Fabrication of in situ Al2O3 reinforced nanostructure 304 stainless steel matrix composite by self-propagating high temperature synthesis process

Abstract

Abstract 304 austenitic stainless steel reinforced by Al2O3 particles was prepared by microwave assisted self-propagating high temperature synthesis process using the Fe2O3Cr2O3NiOAlFe reaction system. Furthermore, effects of mechanical activation of the reactants and the addition of 21.2 wt.% extra Al to the chemical composition of the reactants on the chemical composition of the produced stainless steel was investigated.
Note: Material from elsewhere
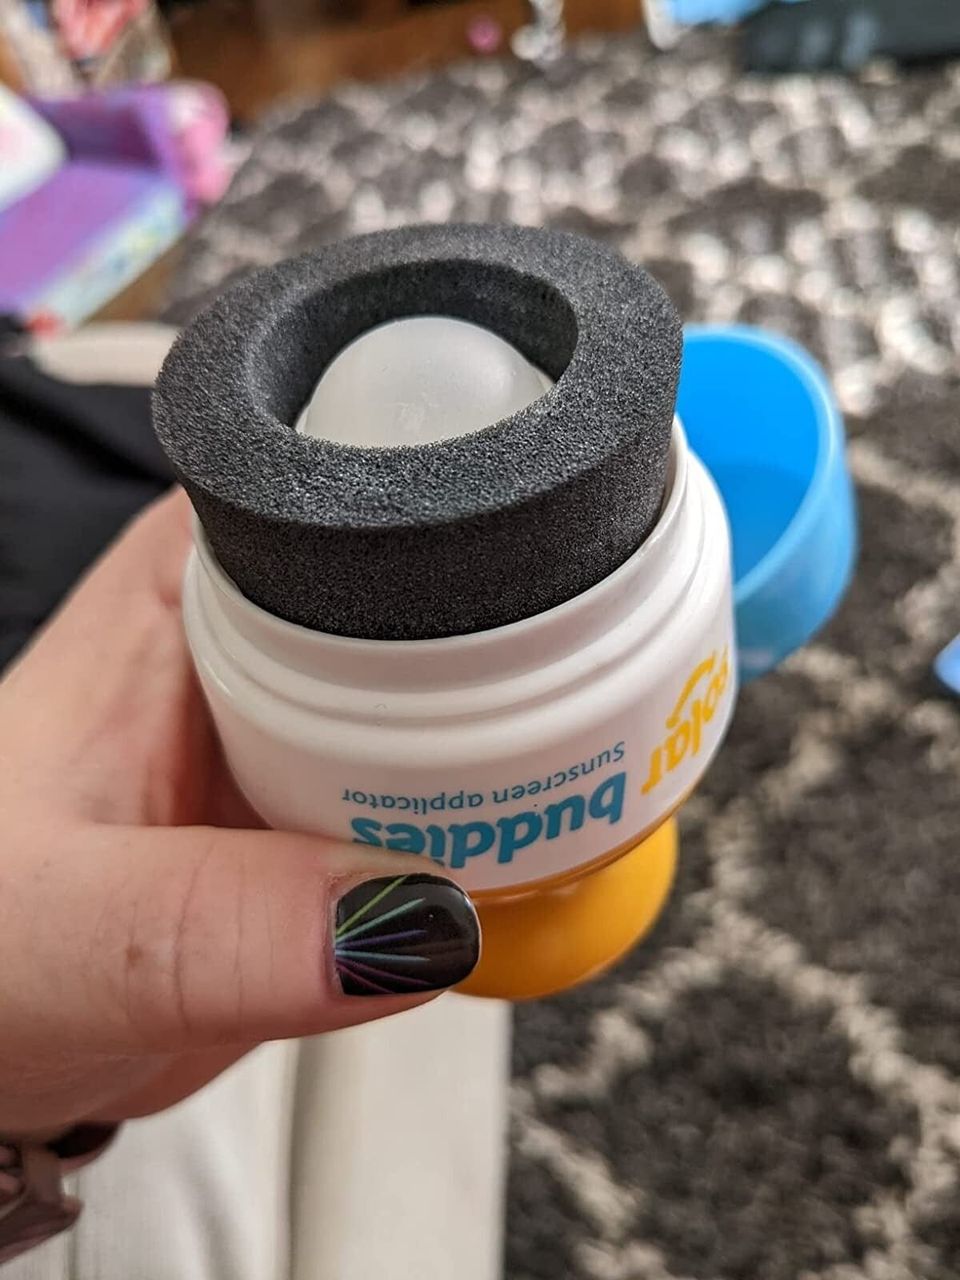 A refillable roll-on sponge sunscreen applicator

Atomic absorption spectroscopy analysis results indicated that by the addition of extra Al to the reactant mixture and using 30 minute mechanical activation, stainless steel containing 17.27 wt.% Cr and 7.73 wt.% Ni could be produced with its chemical composition very close to the chemical composition of 304 stainless steel. X-ray diffraction analysis showed that the stainless steel contains nanostructured austenite and ferrite phases. Also microstructural characterizations indicated that there is a uniform distribution of black particles in the steel matrix. Energy dispersive spectroscopy analysis showed that these particles are composed of Al and O elements while the matrix contains Fe, Cr and Ni elements. The presence of Al2O3 particles and nanostructure matrix improved the hardness and therefore the wear properties of the composite in comparison with the wrought 304 stainless steel plate.